Recorded data:
==*==

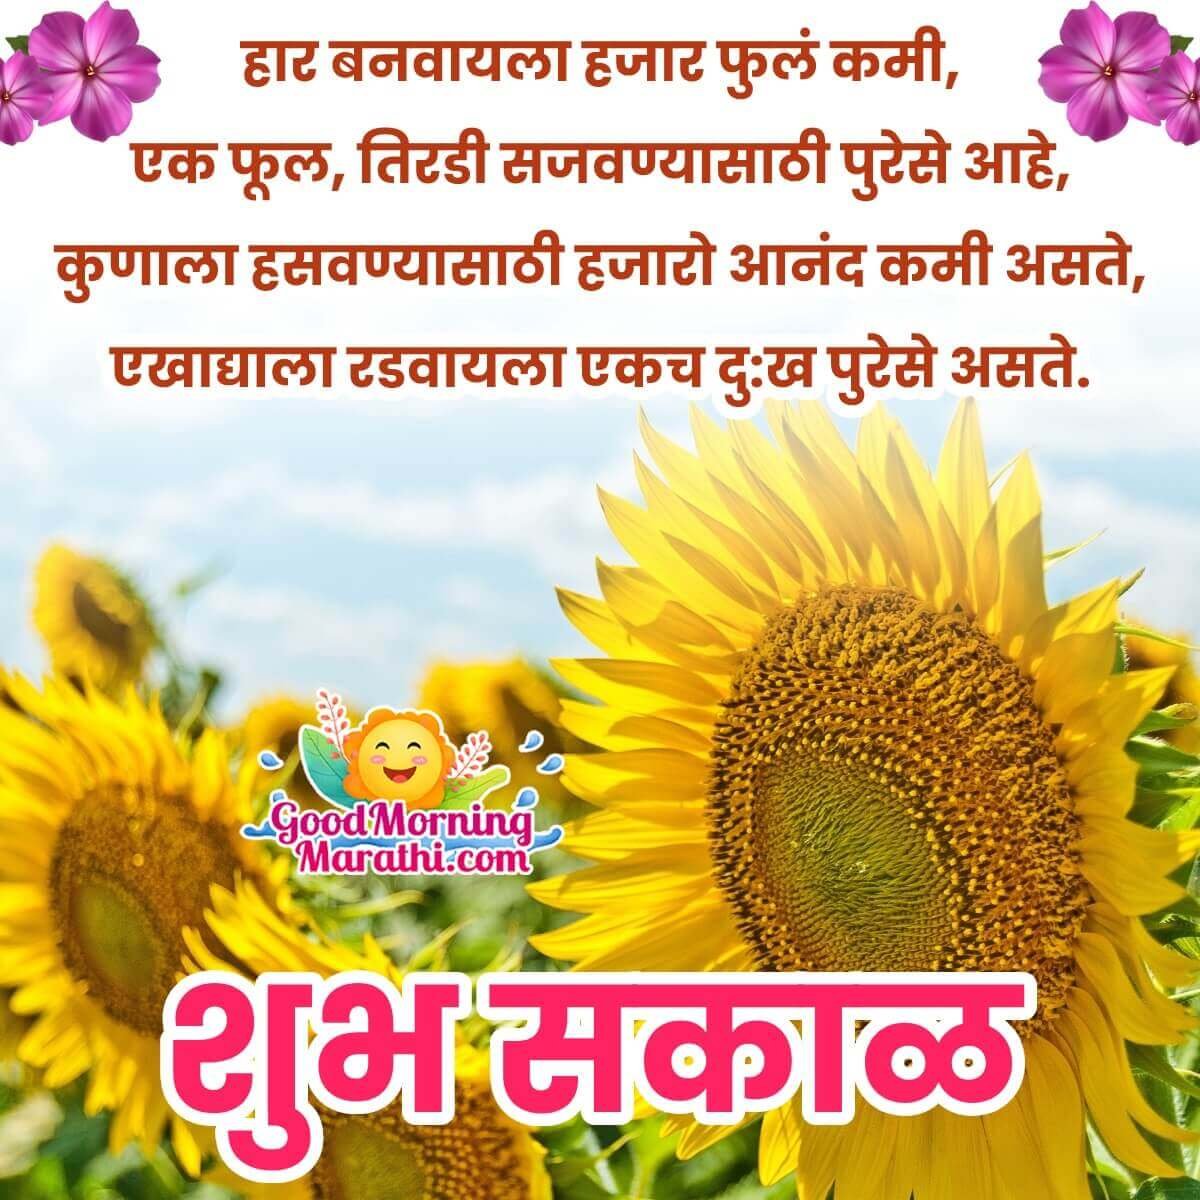 Good Morning Marathi Quotes - Good Morning Wishes & Images In Marathi
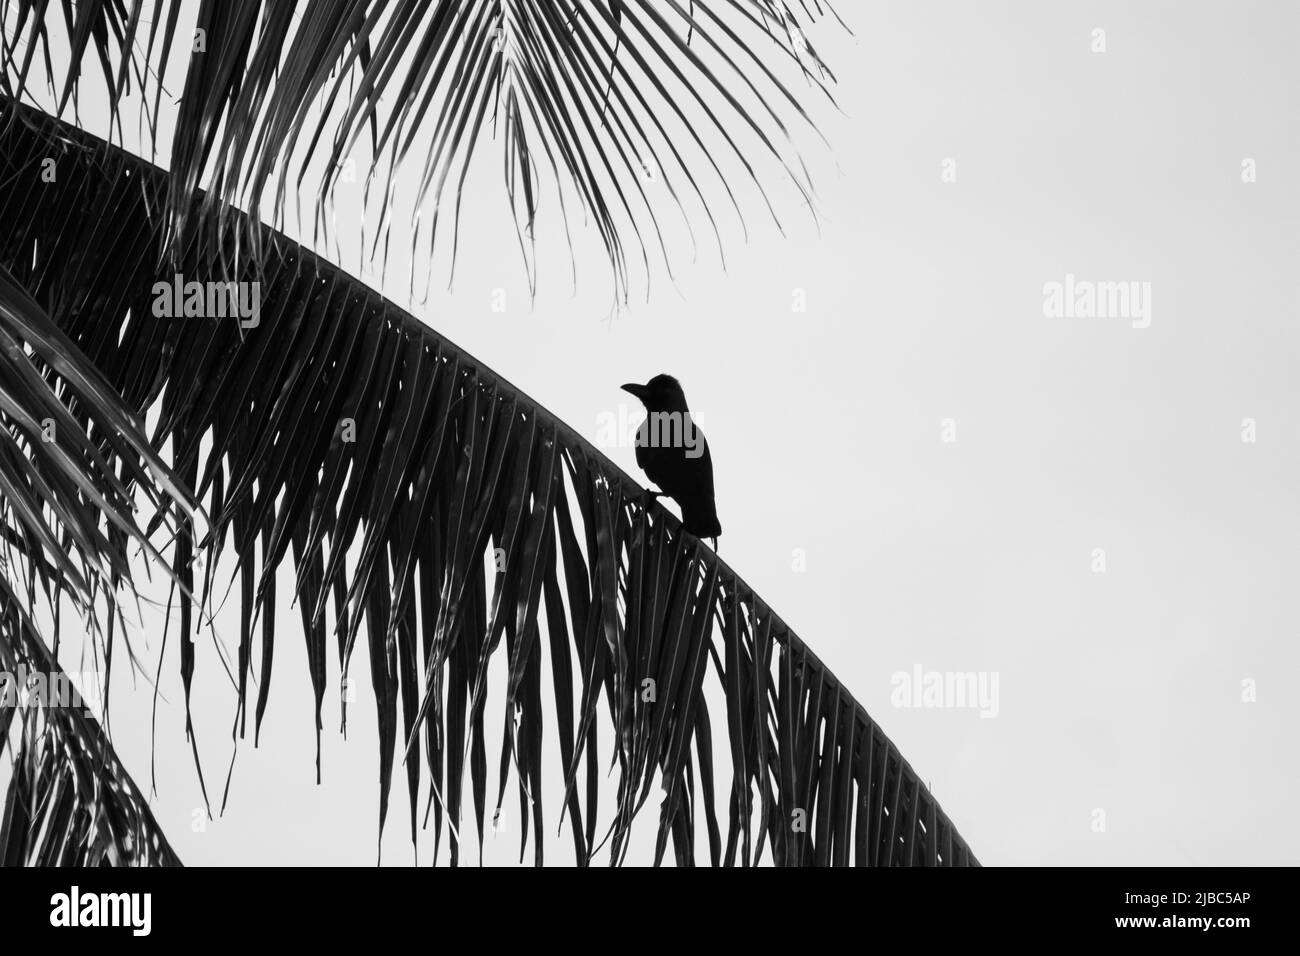 Au Sri Lanka près de Colombo, une maison de corbeau perche sur une grande branche d'un palmier mature. Banque D'Images
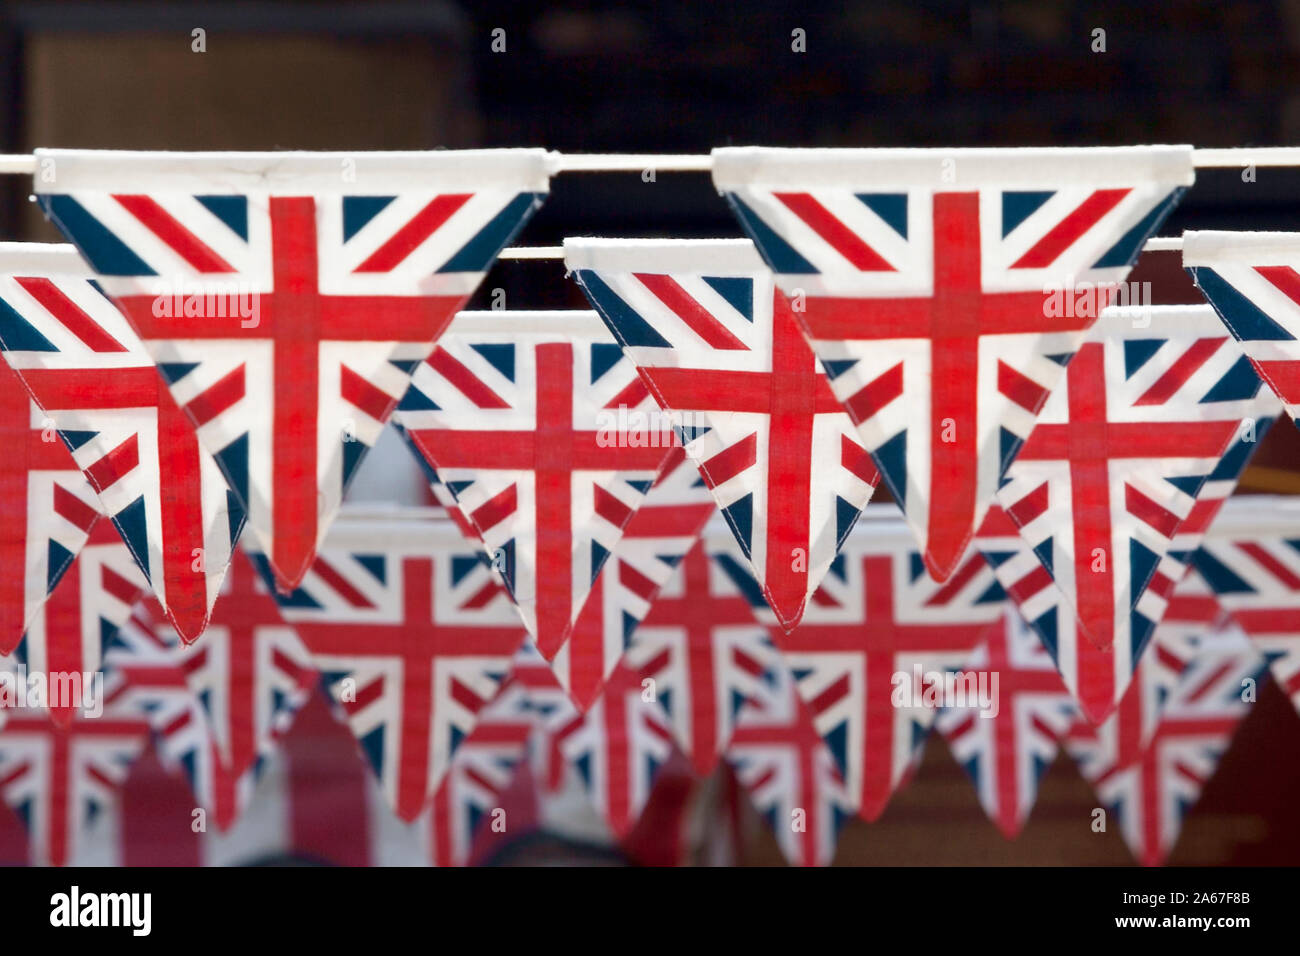 Ammer flaggen Jubiläums garten flaggen der Königin Union Jack Flagge
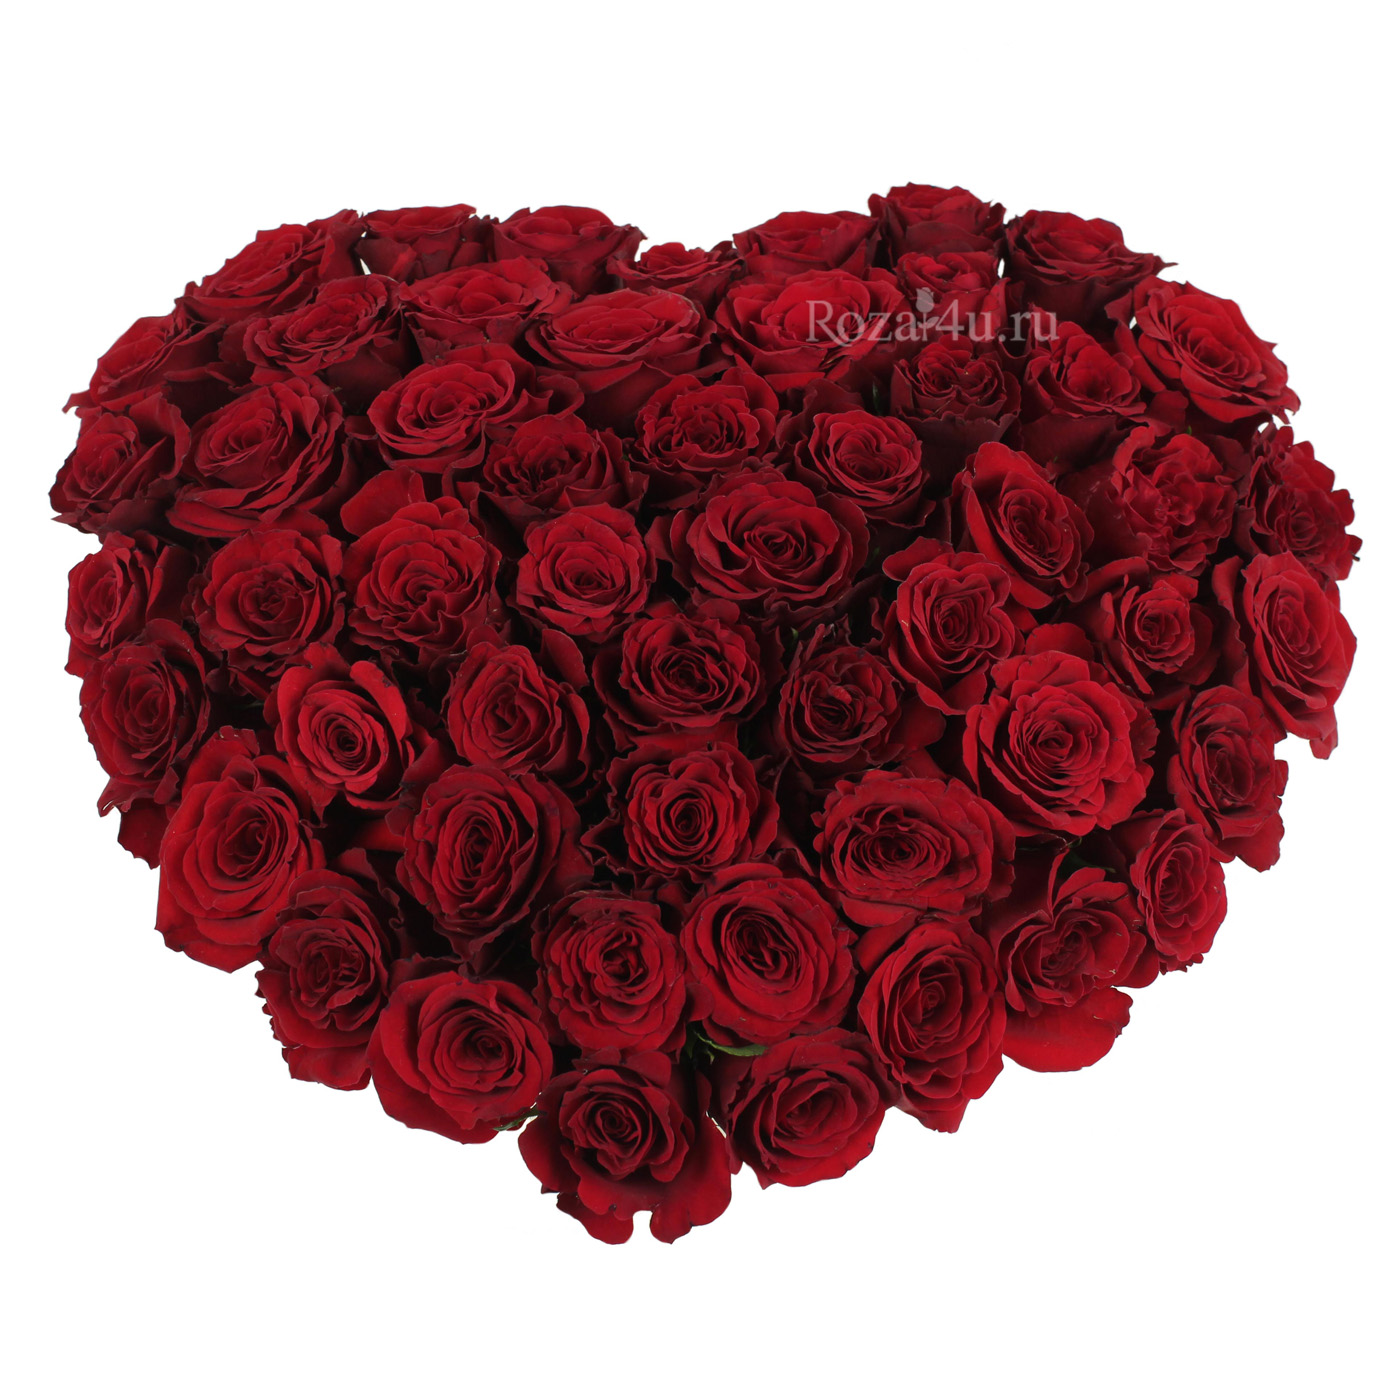 Красные розы в коробке формы сердца "День любви"

==*==

Your goal:
Print the whole listing exactly, please, and keep any images out of it.

Written solution:
 Good Morning Marathi Quotes - Good Morning Wishes & Images In Marathi
 Au Sri Lanka près de Colombo, une maison de corbeau perche sur une grande branche d'un palmier mature. Banque D'Images
 Ammer flaggen Jubiläums garten flaggen der Königin Union Jack Flagge
 Красные розы в коробке формы сердца "День любви"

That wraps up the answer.